History

United States
- Name: USS Williams
- Namesake: Rear Admiral George Washington Williams (1869-1925), a U.S. Navy officer and Navy Cross recipient
- Builder: Bethlehem-Hingham Shipyard, Hingham, Massachusetts or Charleston Navy Yard, Charleston, South Carolina (proposed)
- Laid down: Never
- Fate: Construction contract cancelled 12 March 1944

General characteristics
- Class & type: Rudderow destroyer escort
- Displacement: 1,450 tons (standard); 1,810 tons (full load);
- Length: 306 ft (93 m) overall; 300 ft (91 m) waterline;
- Beam: 36 ft 10 in (11.23 m)
- Draft: 9 ft 8 in (2.95 m)
- Installed power: 12,000 shaft horsepower (16 megawatts)
- Propulsion: 2 CE boilers, General Electric turbines with electric drive, 2 screws
- Speed: 24 knots (44.5 kilometers per hour)
- Range: 5,050 nautical miles (9,353 kilometers) at 12 knots (22.25 kilometers per hour)
- Complement: 12 officers, 192 enlisted men
- Armament: 2 × 5-inch 38-cal (127-millimeter) (2x1); 4 × 40-mm (2x2); 10 × 20 mm (10x1); 3 × 21-inch torpedo tubes (1x3); 1 Hedgehog depth bomb thrower; 8 depth charge projectors (8x1); 2 depth charge racks;

= USS Williams (DE-290) =

USS Williams (DE-290) was a proposed United States Navy Rudderow-class destroyer escort that was never built.

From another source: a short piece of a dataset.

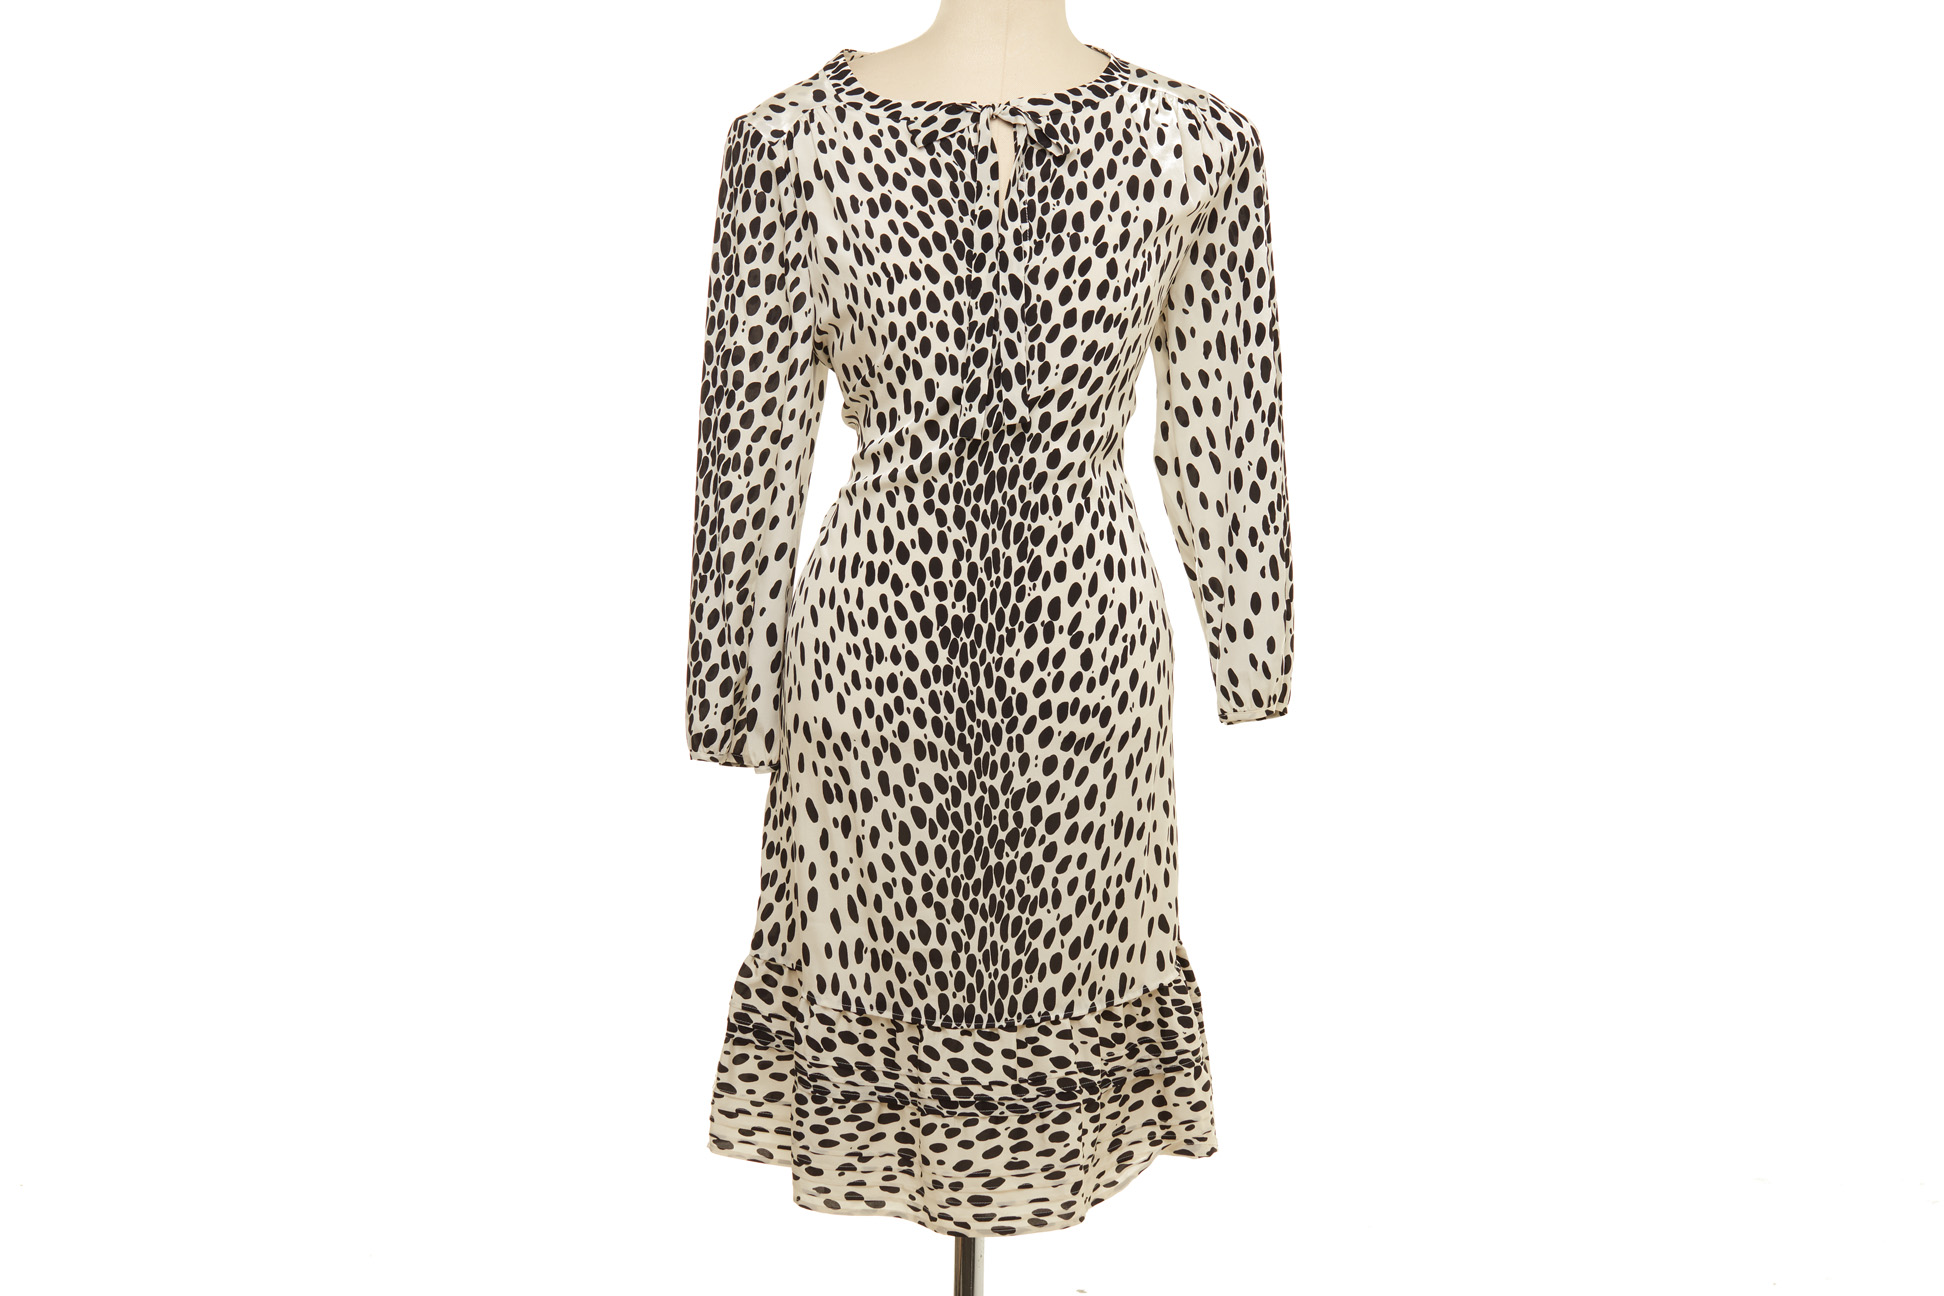 A DKNY BLACK AND WHITE SPOTTED DRESS

Sources differ on Williamss planned builder; plans called for either Bethlehem-Hingham Shipyard at Hingham, Massachusetts or the Charleston Navy Yard at Charleston, South Carolina to build her. The contract for her construction was cancelled on 12 March 1944 before construction could begin.

The name Williams was transferred to the destroyer escort USS Williams (DE-372).